- [REQUIRED WORK]
Find "أجمل صور الاطفال" in the material below, then write out that line and every line after it exactly, ending with the last one; skip the pictures.

- [DATA]
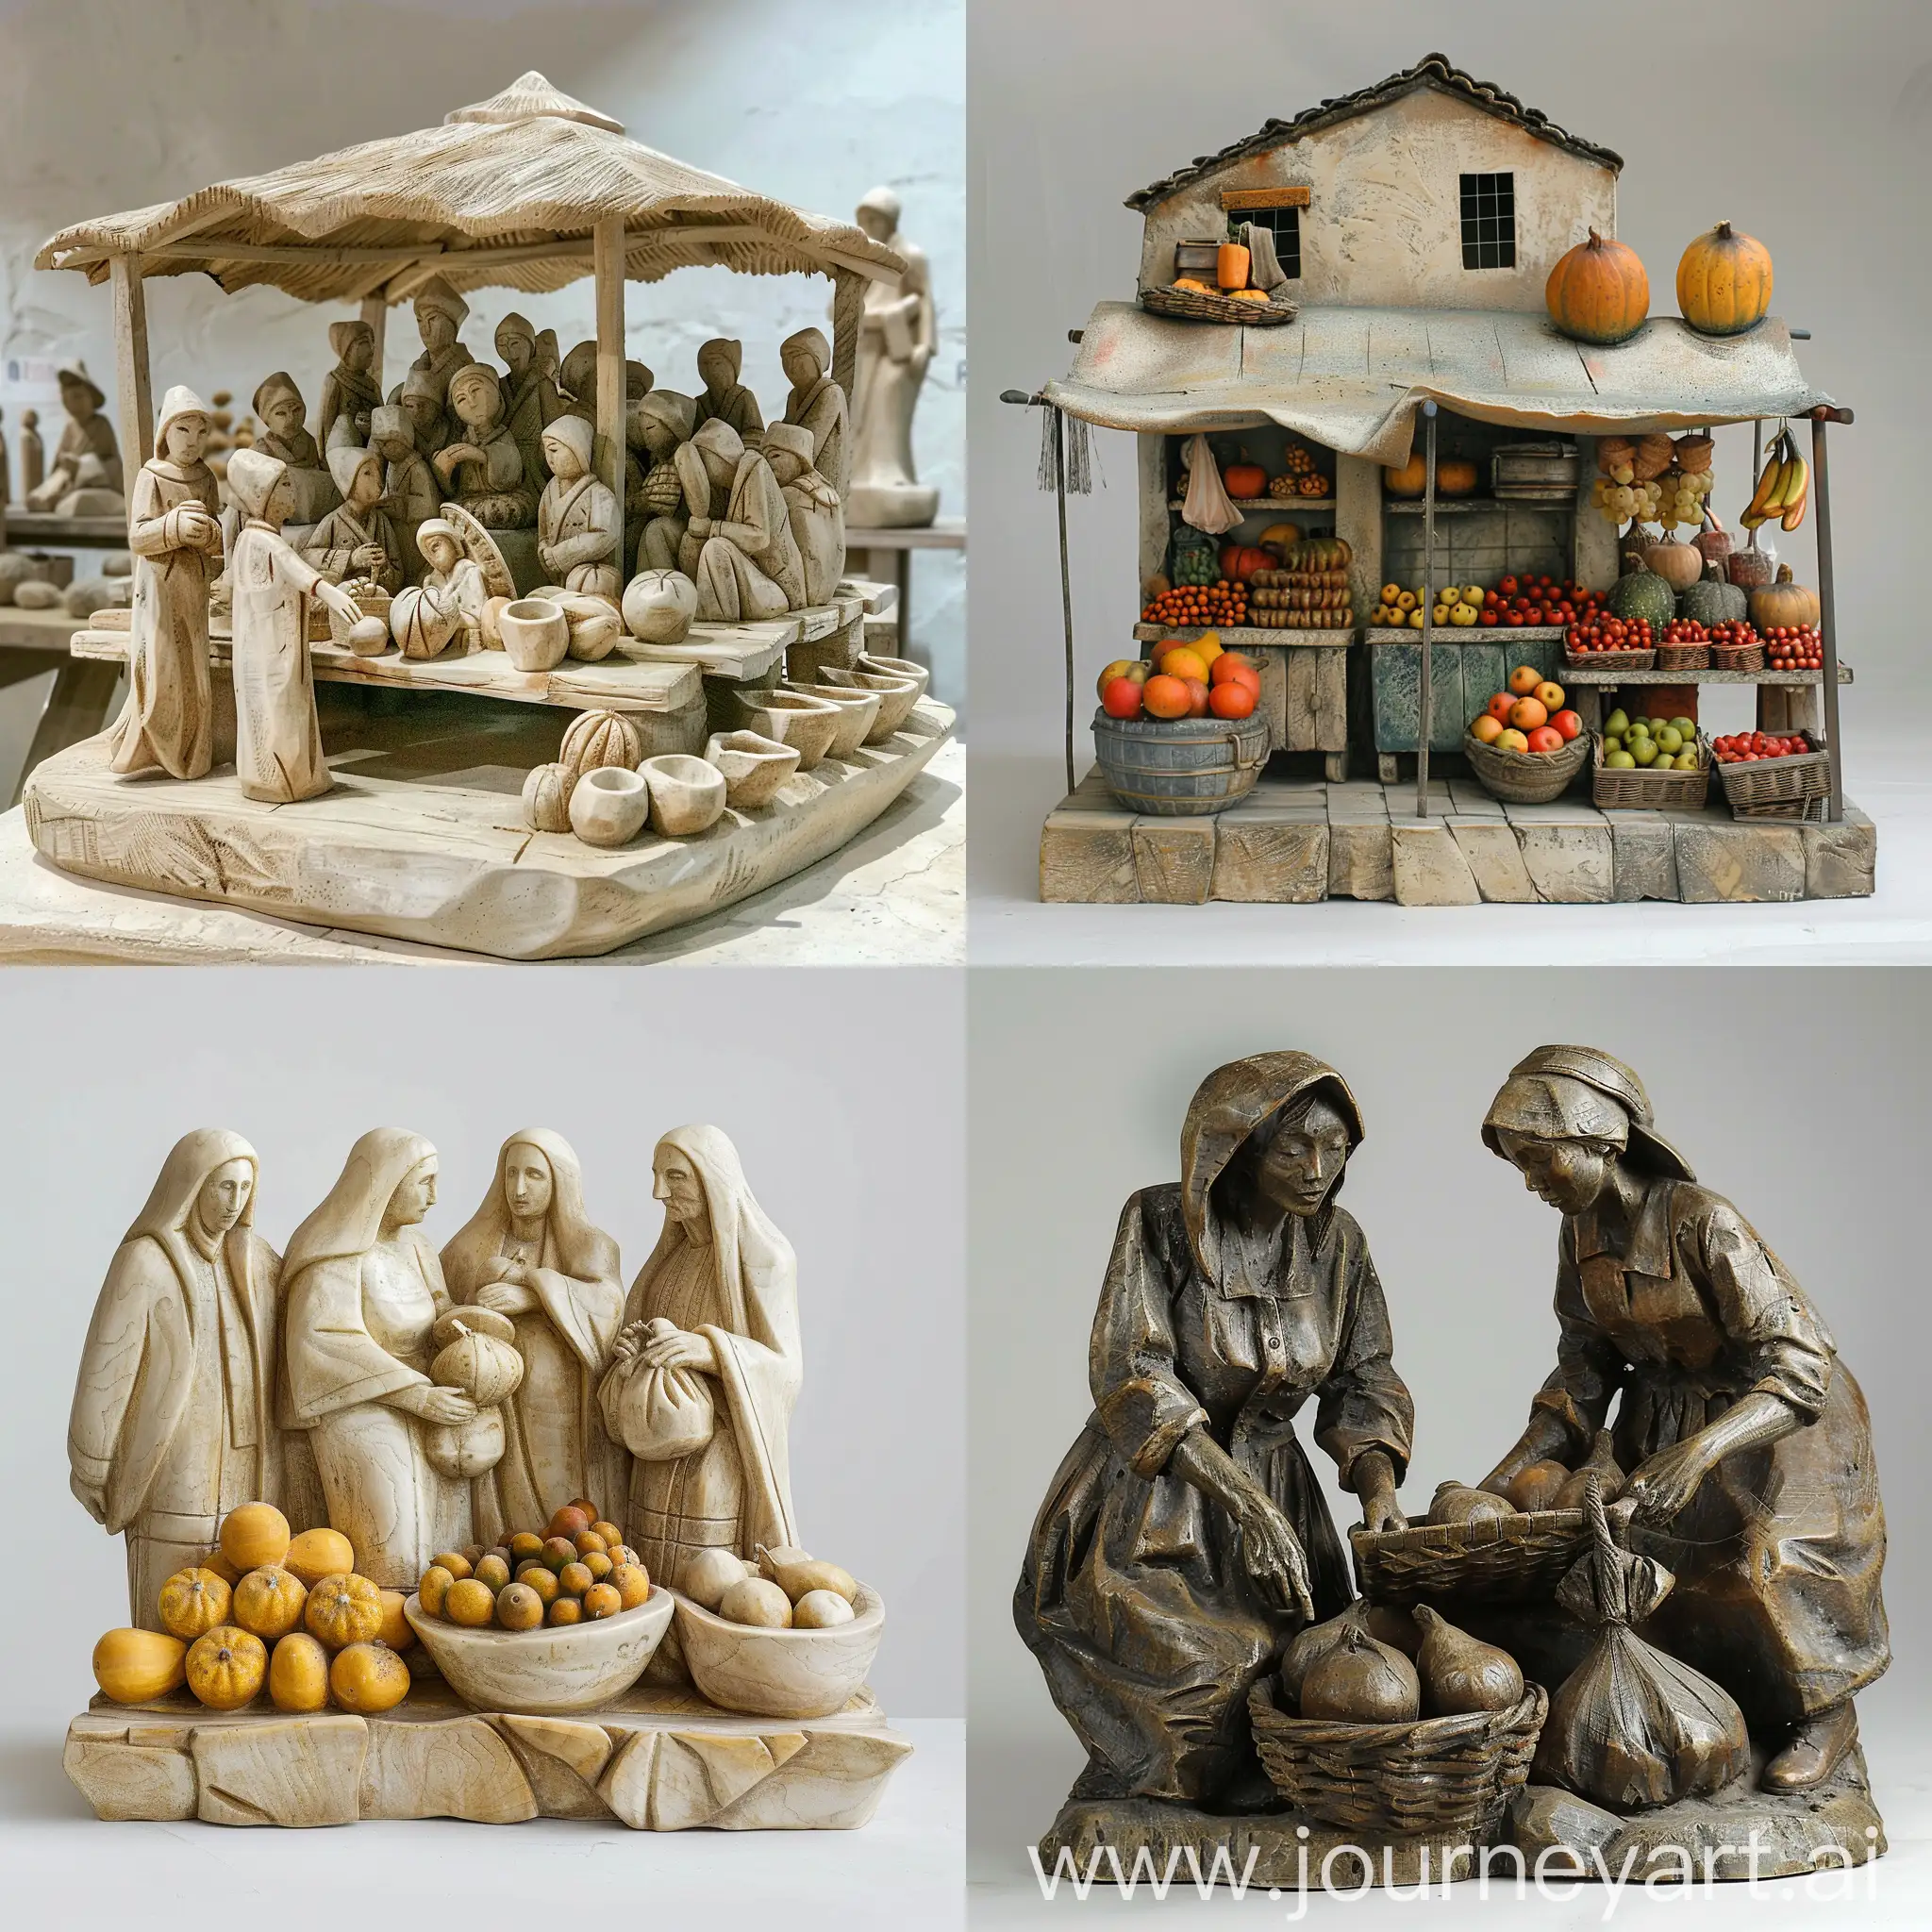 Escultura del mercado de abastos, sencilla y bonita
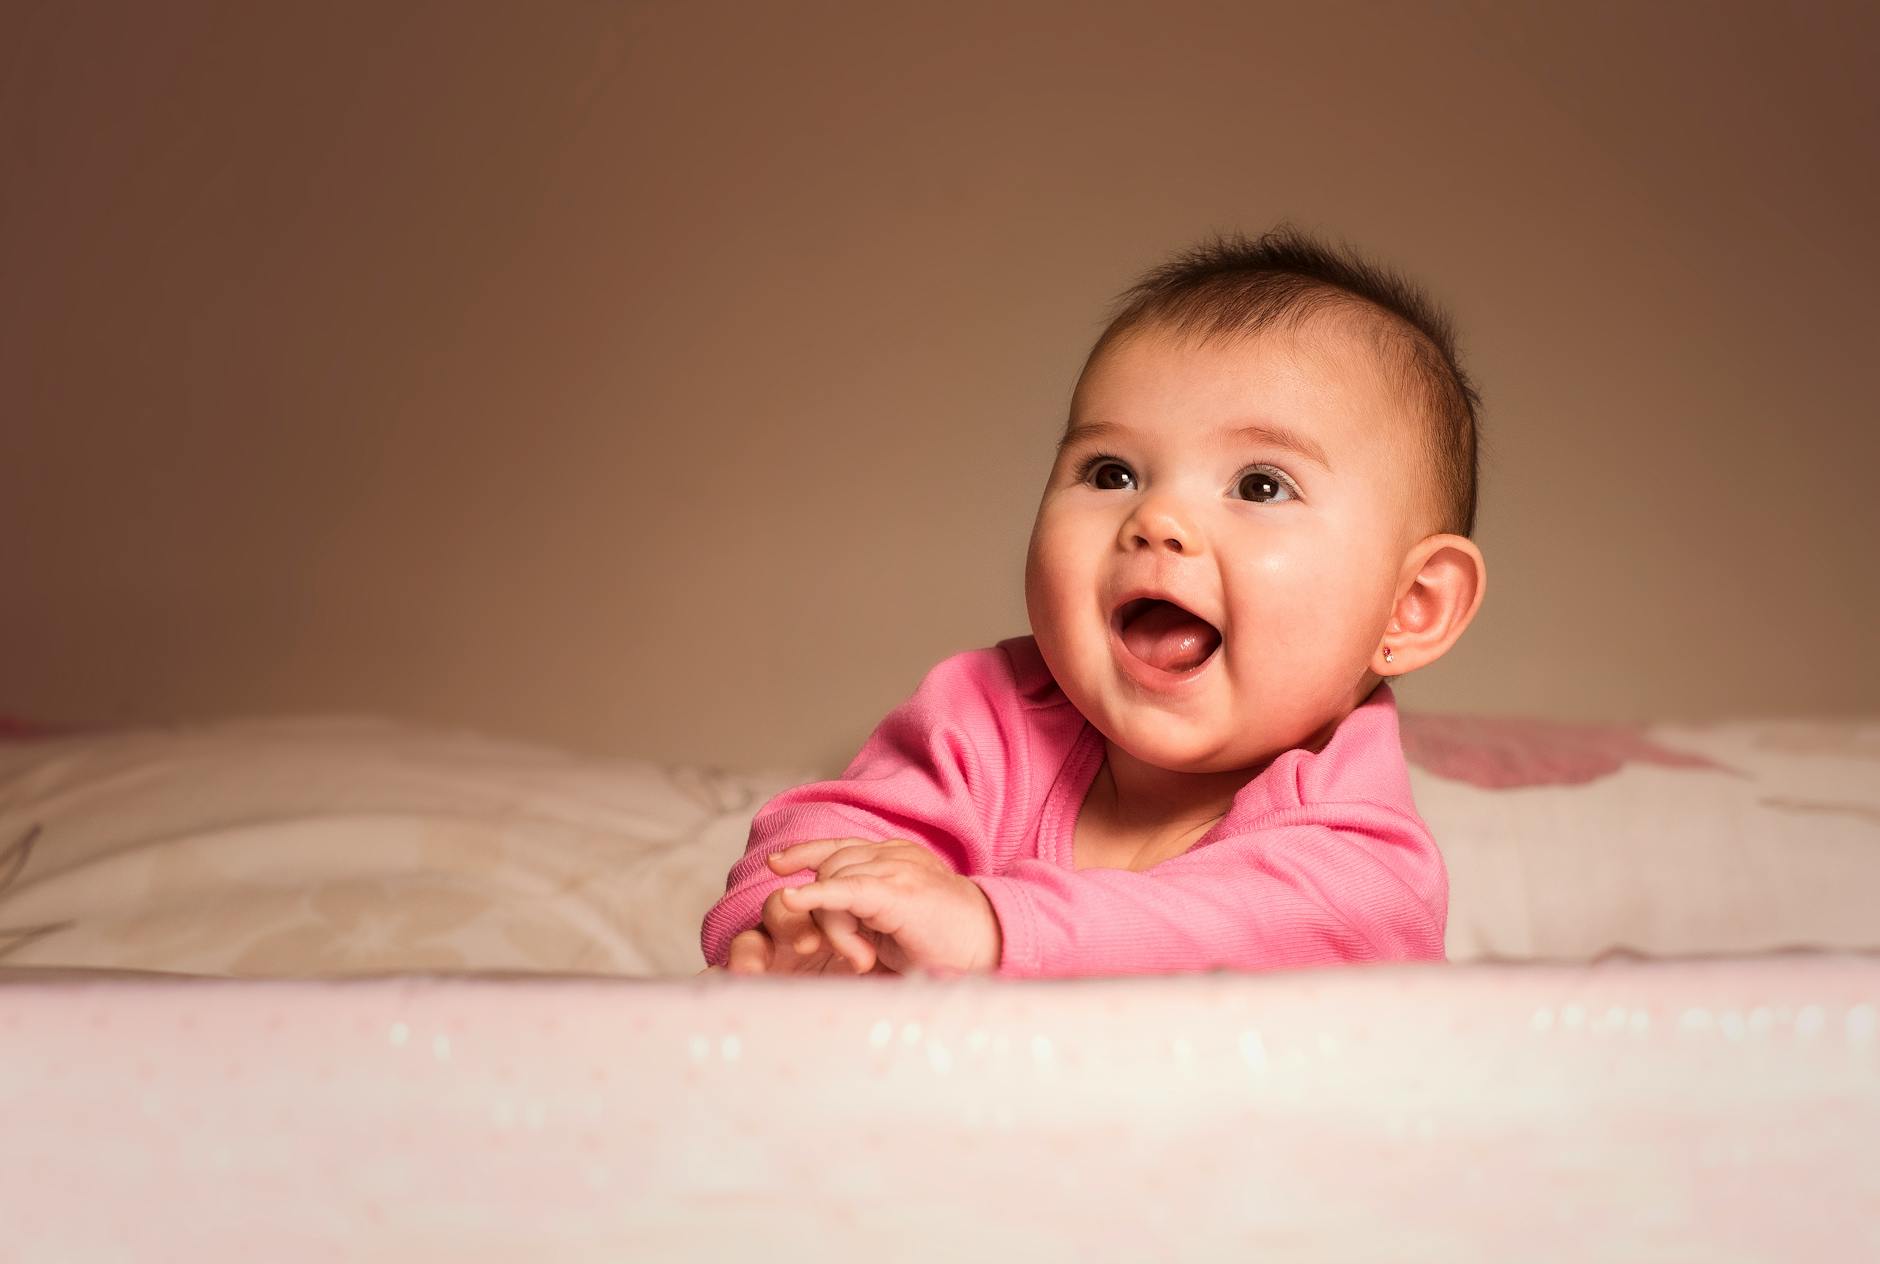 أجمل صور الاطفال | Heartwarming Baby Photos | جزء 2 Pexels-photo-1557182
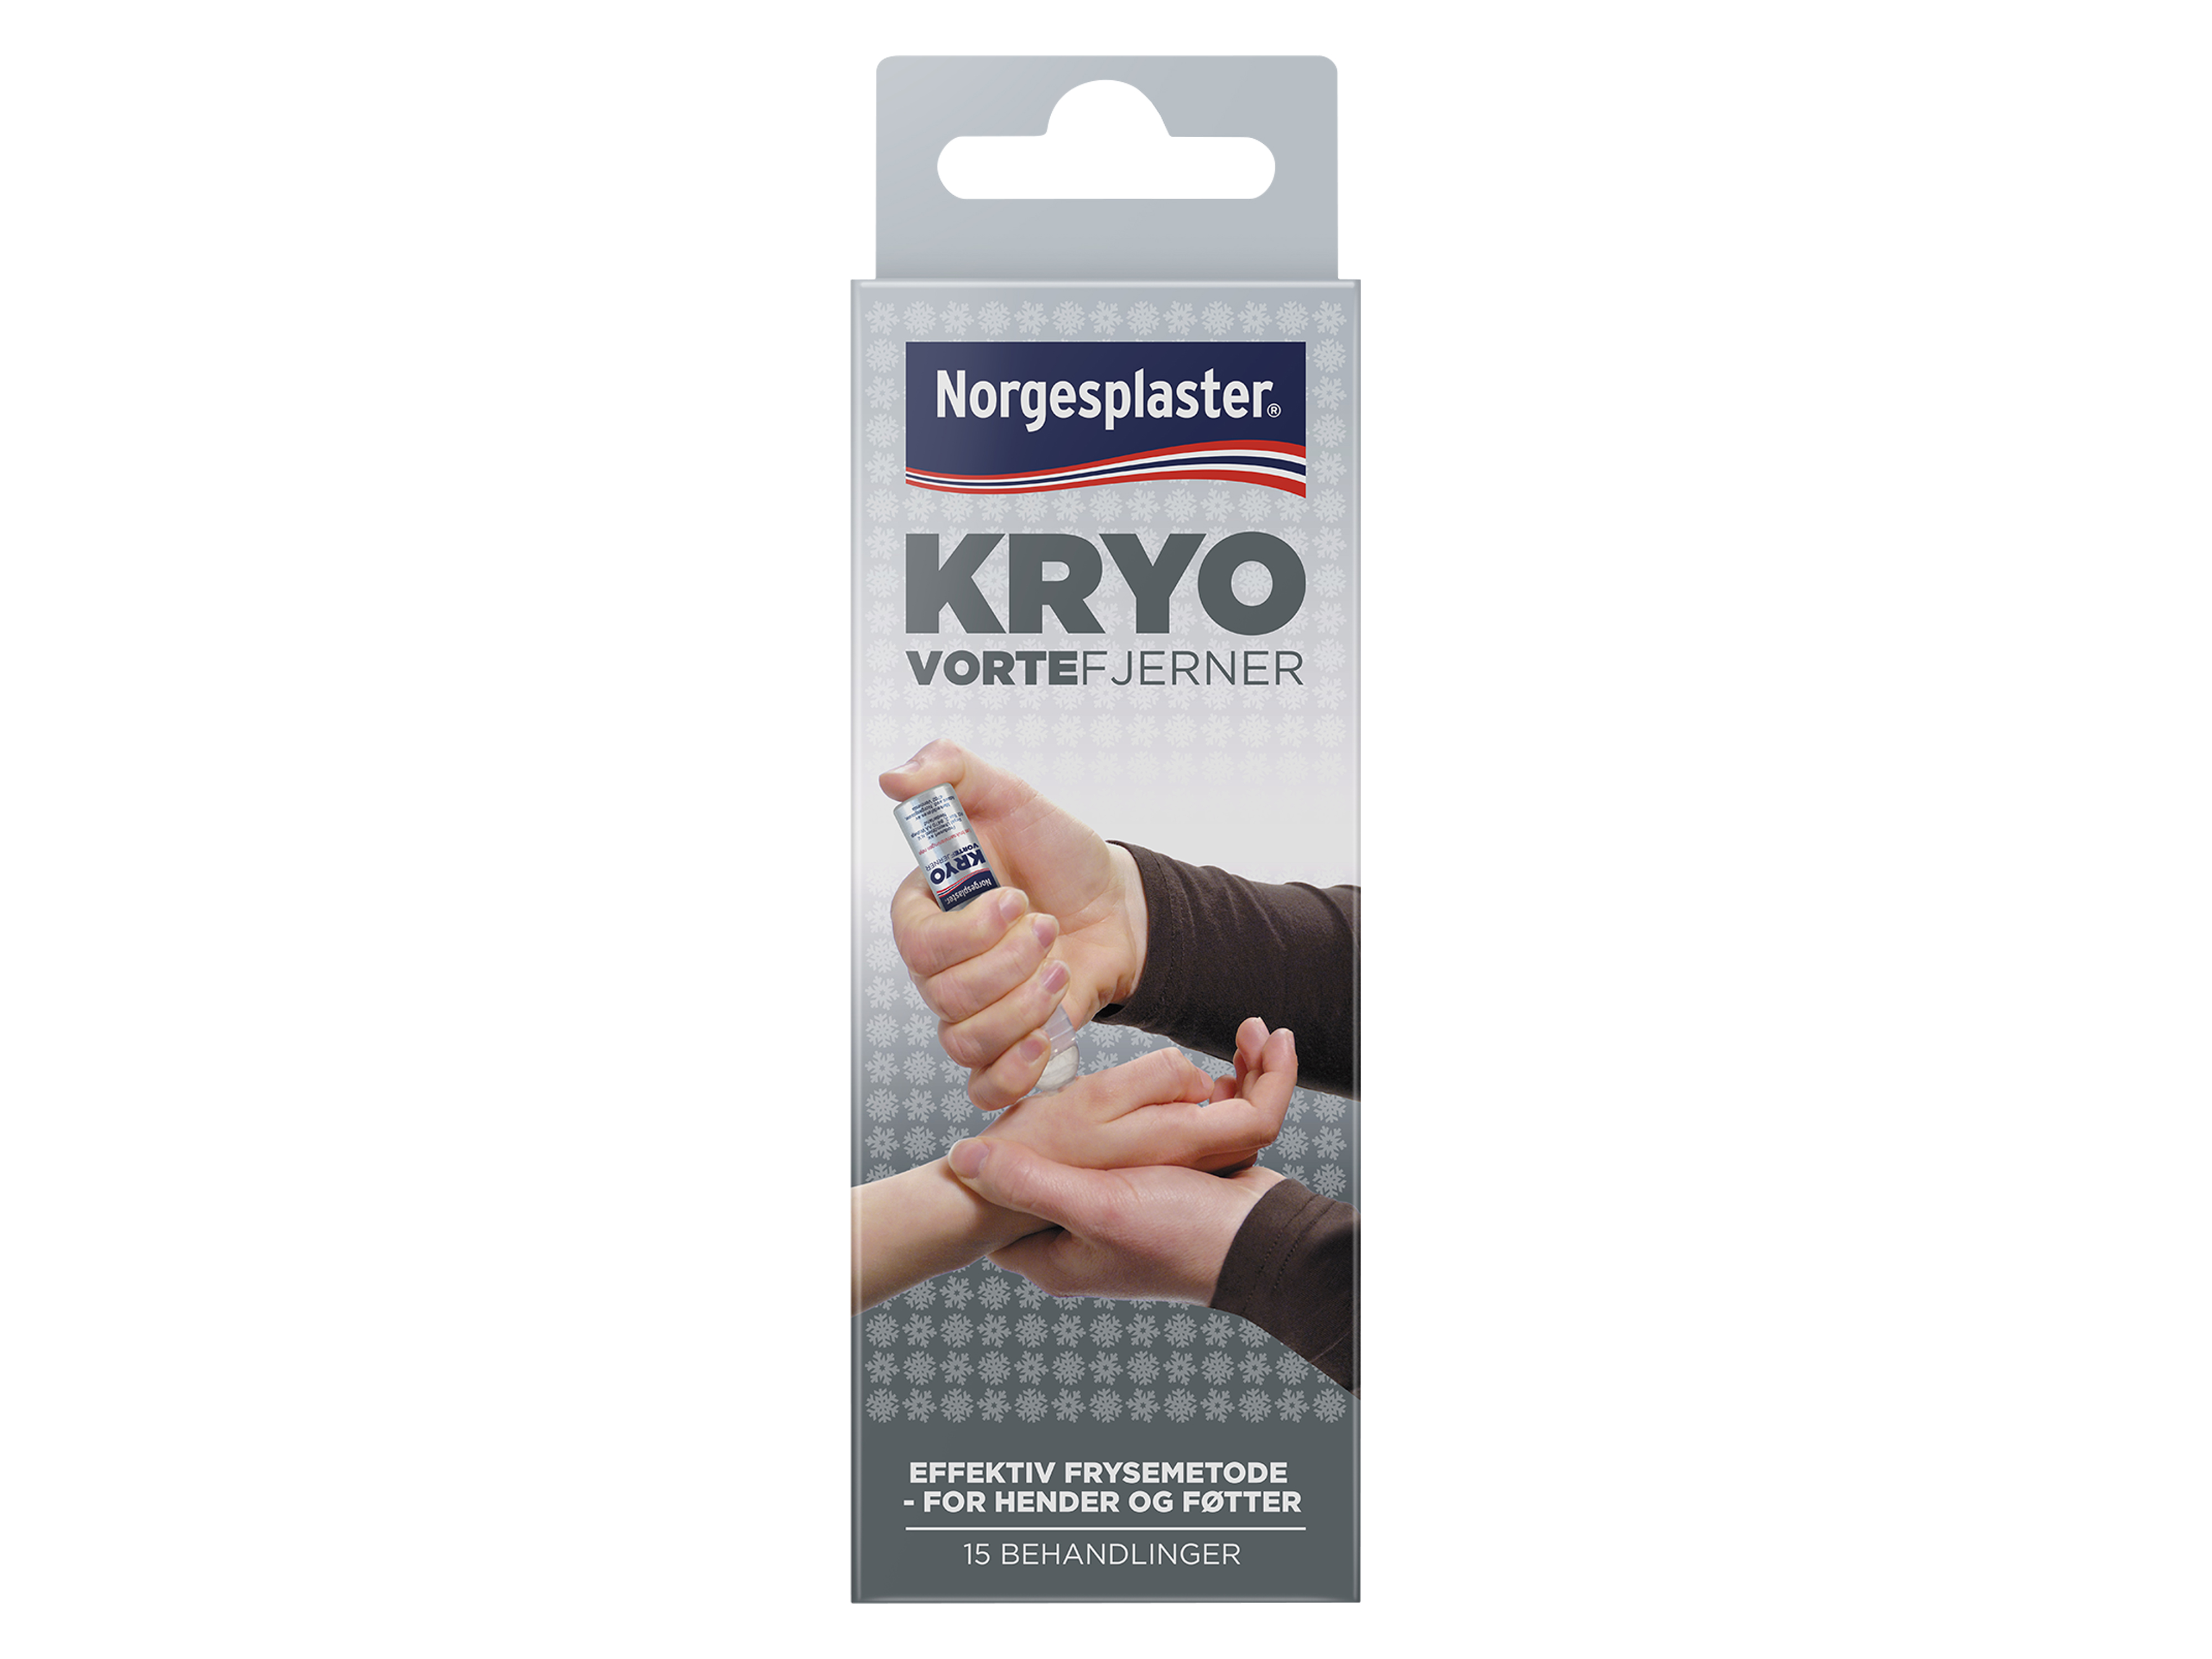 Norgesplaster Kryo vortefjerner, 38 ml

- [WRITTEN RESPONSE]
 أجمل صور الاطفال | Heartwarming Baby Photos | جزء 2 Pexels-photo-1557182
 Norgesplaster Kryo vortefjerner, 38 ml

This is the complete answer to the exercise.